# Always eating......



## bhunter (Dec 6, 2004)

I am really liking this forum reading it so far but I am looking for some advice. 

 I eat probably 5-6 times a day (small meals) in a keto lifestyle. I have lost nearly 70 lbs doing this (lost tremendous bodyfat) and I am currently bulking up a bit wieghttraining (see avatar)

  But to get to the point I am getting sick and tired of hearing coworkers saying crap like "Damn your eating again" "Your always eating" "How much more can you eat today" When in reality I am eating extremely clean! I avoid processed foods and I stick to my greens and protiens and I occasionally have the diet soda. Yet these same people I sit and watch them stuff thier face with donuts, candy, and chips on break.  Maybe I am self conscience because I used to be so fat or still think I have a good percentage of bodyfat to loose. 

 I do not know what the answer is but I train hard, I eat right, and I am looking for a good way to handle this type of behavious without blowing up and cursing someone out with the stink of donut on thier breath! (I have also noticed if you work out or someone finds out that you work out they watch your diet better then they do thier own)

 HELP IM GOING INSANE!


----------



## Gazhole (Dec 6, 2004)

just ignore them if you can, after all, theyre the ones who are unhealthy in the end. youre doing the right thing by exercising and eating right, i get crap off people sometimes too about lifting, its irritating as hell but you just gotta take the high road. 

 after all, if they have to bug you, how secure could they be about their own diets/physiques? chances are theyre the kind of people that sit around dreaming of having the perfect body while simultaneously cramming a few chocolate muffins down their gullets in front of the tv.

 youre better, so let them know if you have to


----------



## donescobar2000 (Dec 6, 2004)

I can relate I used to be 280 @ 5'4.  But maybe you need a break.  I was feeling the same way a month ago so I took a break from the gym and measuring food.  Its fucking tedious.  I took a month break ate only when I was hungry and what I wanted.  Not saying I ate shit either.  I ate within reason.  Did gain a pound.  Now I'm back as of today and I feel refreshed and ready for another round.


----------



## shutupntra1n (Dec 6, 2004)

There are a lot of rant threads just like this about the same issue. People not into the 5-7 meals a day and so on will not understand. I don't get mad anymore. My boss says something ever single day, never fails when he comes into my office and I'm eating. When I bulk it's even worse. Just learn to ignore it is the best thing you can do  Good work with your weight loss. Keep Truckin


----------



## shutupntra1n (Dec 6, 2004)

donescobar2000 said:
			
		

> I can relate I used to be 280 @ 5'4. But maybe you need a break. I was feeling the same way a month ago so I took a break from the gym and measuring food. Its fucking tedious. I took a month break ate only when I was hungry and what I wanted. Not saying I ate shit either. I ate within reason. Did gain a pound. Now I'm back as of today and I feel refreshed and ready for another round.
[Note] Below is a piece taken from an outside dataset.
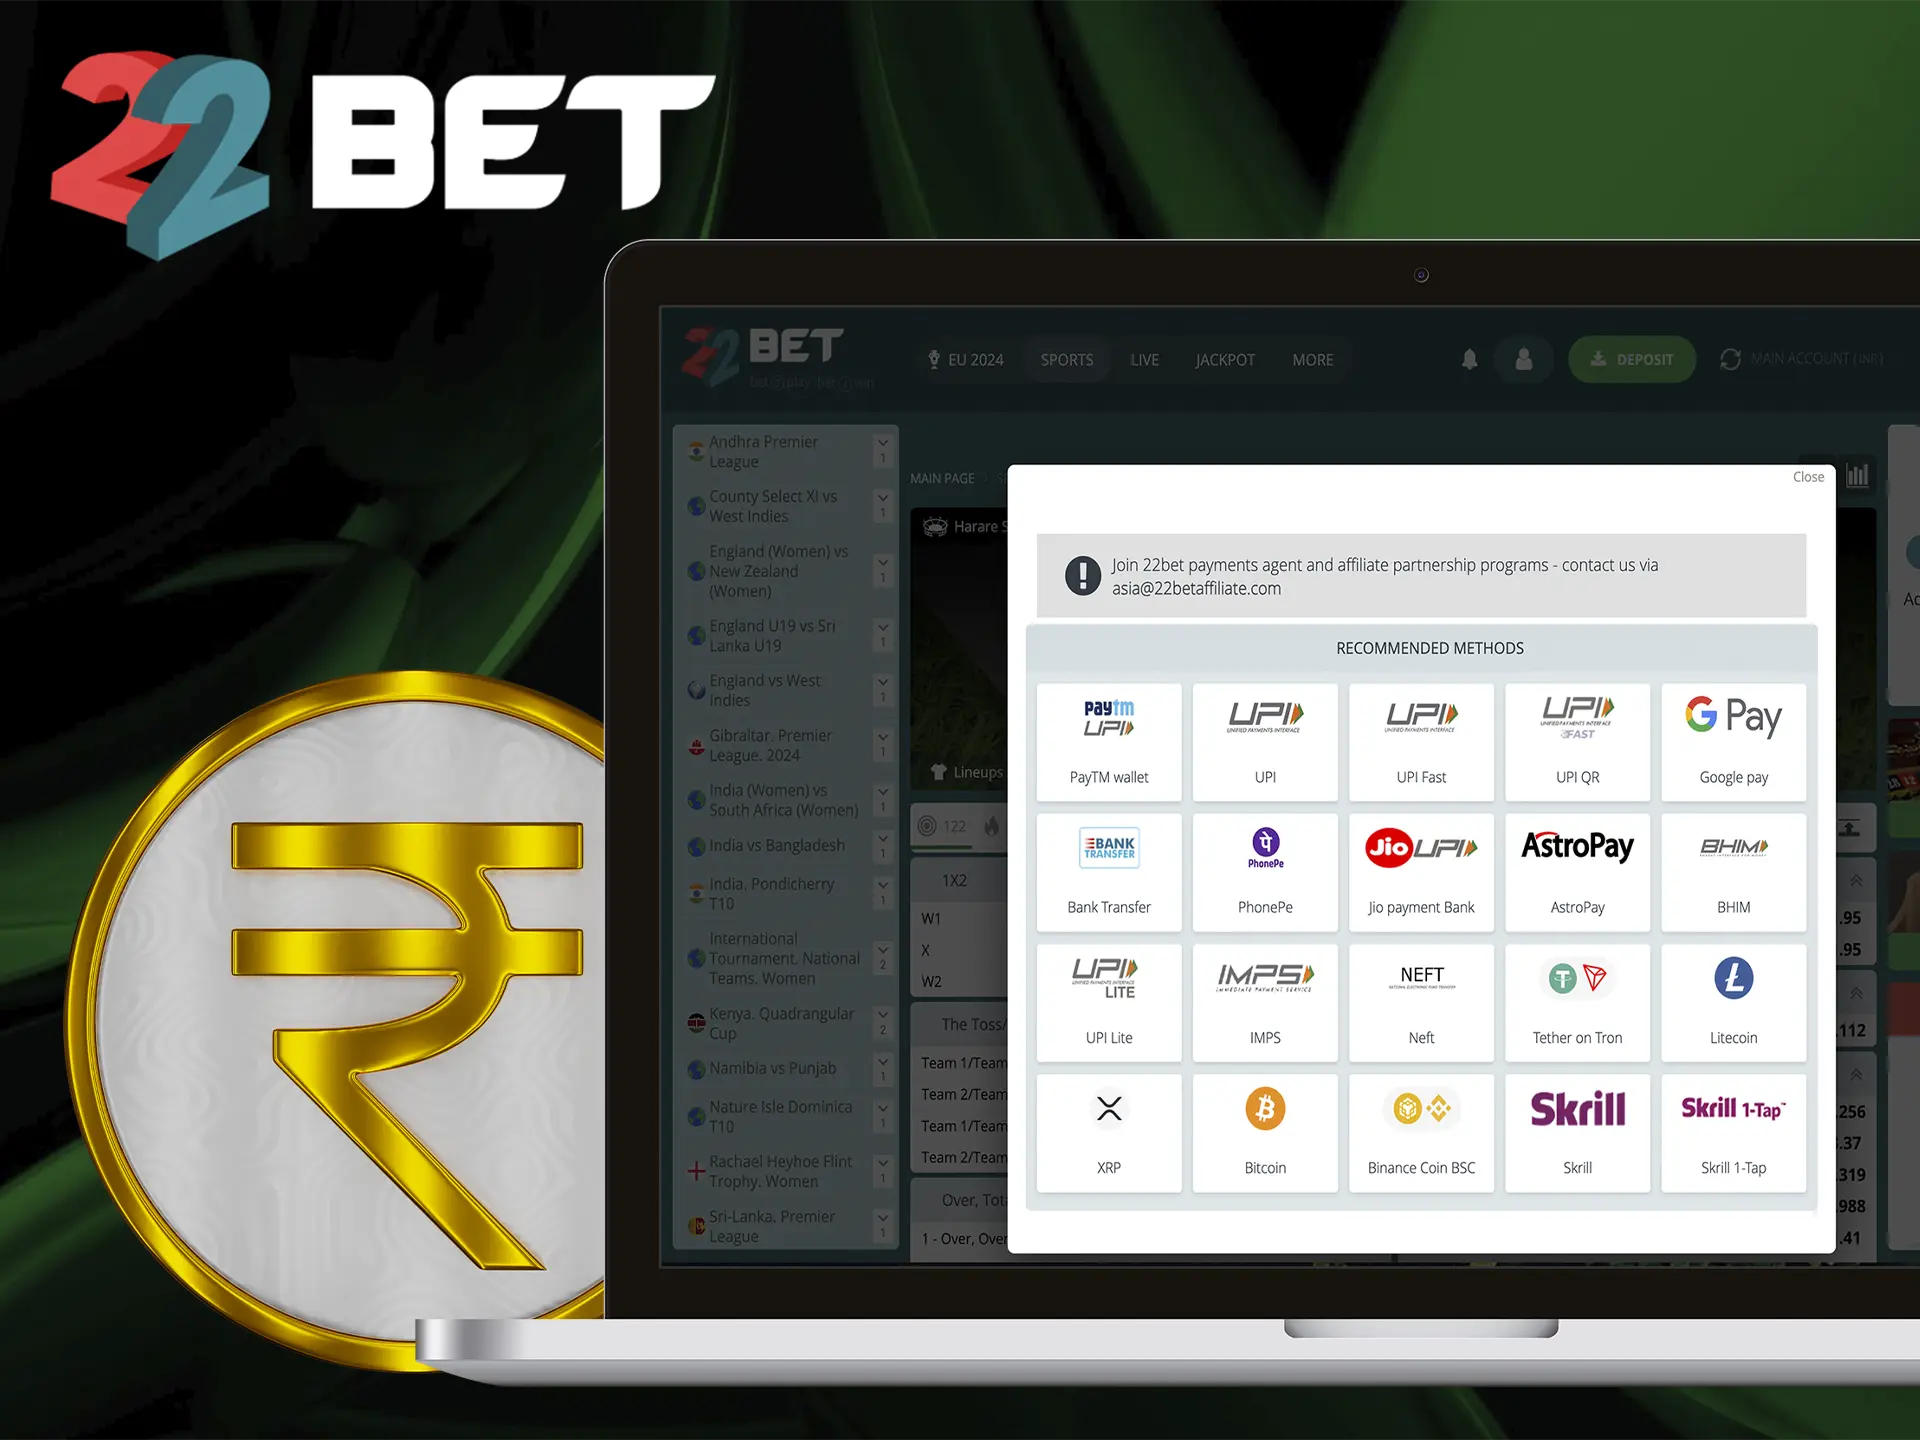 Take advantage of favourable and instant top-ups at 22Bet bookmaker.

Wow you used to weigh that much   Great job man


----------



## donescobar2000 (Dec 6, 2004)

shutupntra1n said:
			
		

> Wow you used to weigh that much   Great job man



Yes I did.  Haha!


----------



## bhunter (Dec 6, 2004)

donescobar2000 said:
			
		

> I can relate I used to be 280 @ 5'4. But maybe you need a break. I was feeling the same way a month ago so I took a break from the gym and measuring food. Its fucking tedious. I took a month break ate only when I was hungry and what I wanted. Not saying I ate shit either. I ate within reason. Did gain a pound. Now I'm back as of today and I feel refreshed and ready for another round.
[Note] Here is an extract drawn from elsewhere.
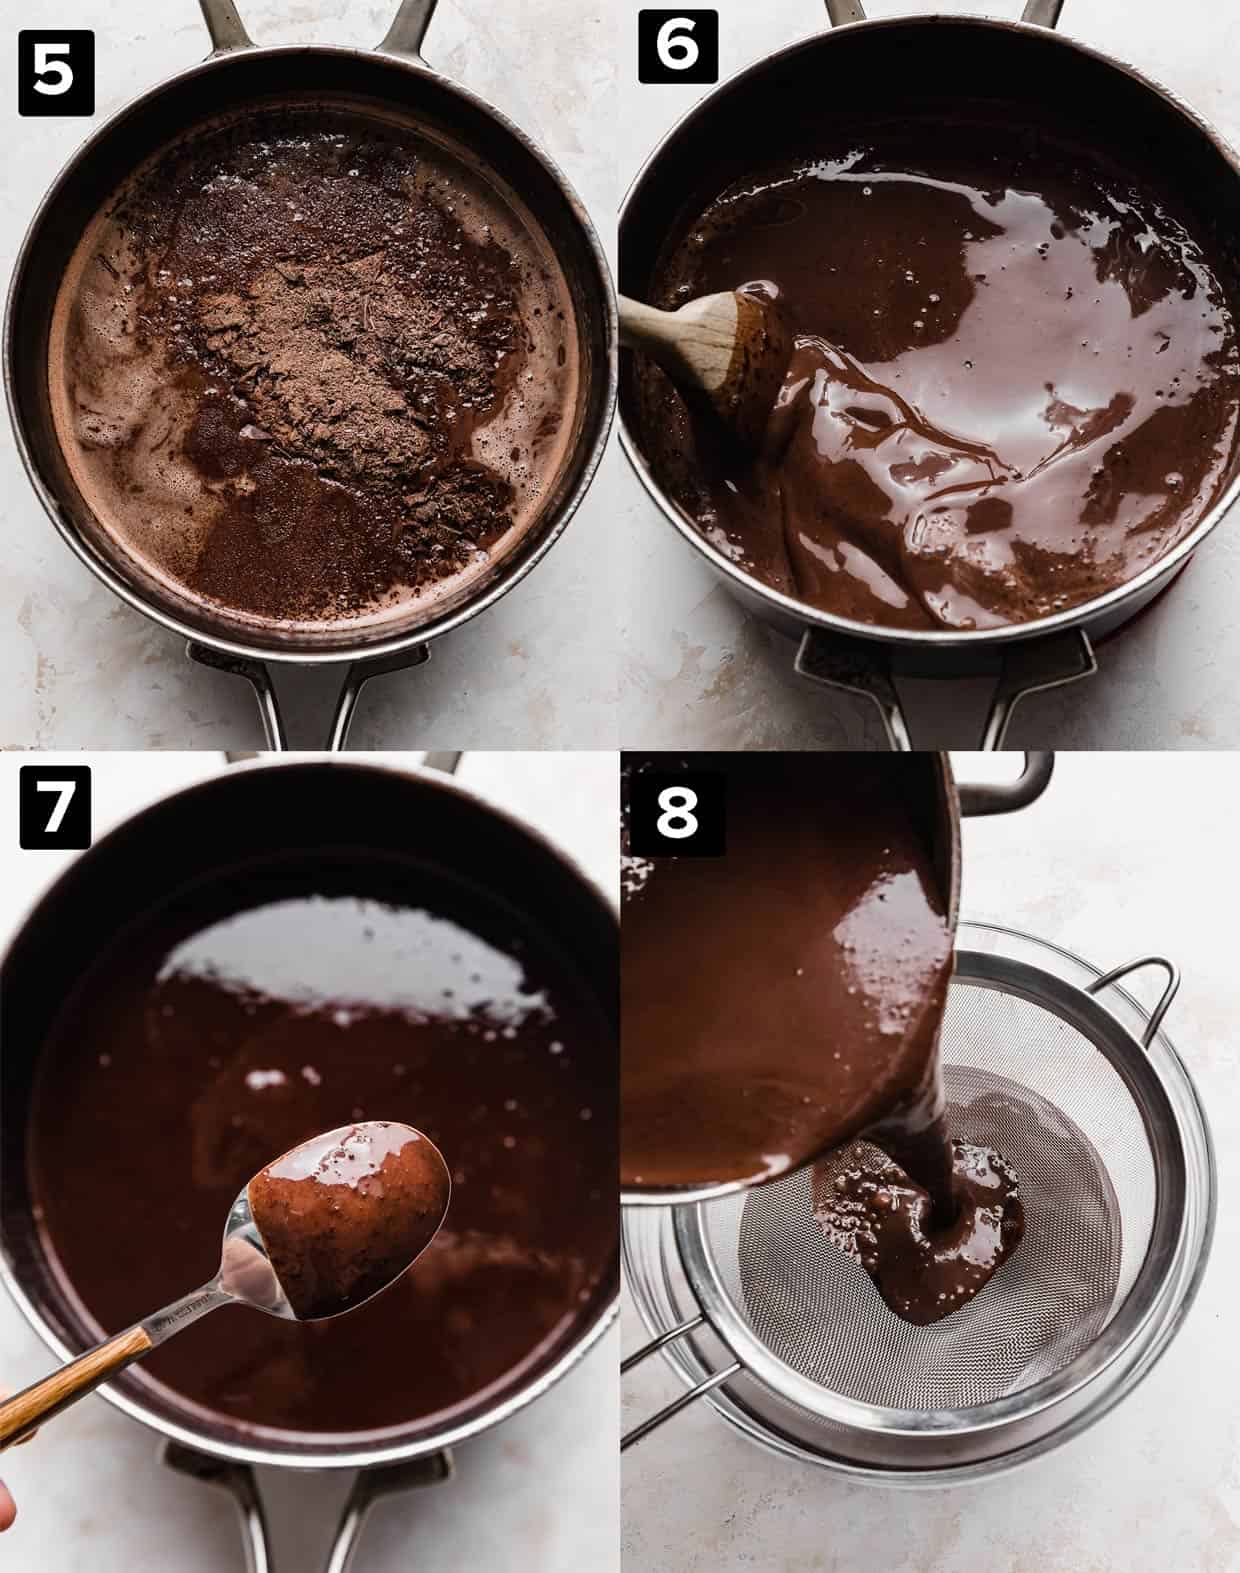 Four photos demonstrating how to make a rich and deep chocolate flavored ice cream.

 Yeah I have considered over Chirstmas taking a couple days off and enjoying myself when I am with family...I am so phobic about gaining wieght back it might be hard to unwind too much. Good advice I am betting it wont do too much damage and might help me relax some.


----------



## bhunter (Dec 6, 2004)

donescobar2000 said:
			
		

> Yes I did.  Haha!


 Yeah very nice job! It is cool to see someone else went through close to the same crap!


----------



## shutupntra1n (Dec 6, 2004)

I was overweight myself. Good to take control


----------



## donescobar2000 (Dec 6, 2004)

bhunter said:
			
		

> Yeah very nice job! It is cool to see someone else went through close to the same crap!



Yeap because of this break I am no longer as anal but I am getting back on the bus.


----------



## donescobar2000 (Dec 6, 2004)

shutupntra1n said:
			
		

> I was overweight myself. Good to take control




Youre looking good and solid too.


----------



## bhunter (Dec 6, 2004)

shutupntra1n said:
			
		

> I was overweight myself. Good to take control


 Well you look pretty solid now! Actually I love the "look" you have going on! Good to see hard work pay off!


----------



## shutupntra1n (Dec 6, 2004)

bhunter said:
			
		

> Well you look pretty solid now! Actually I love the "look" you have going on! Good to see hard work pay off!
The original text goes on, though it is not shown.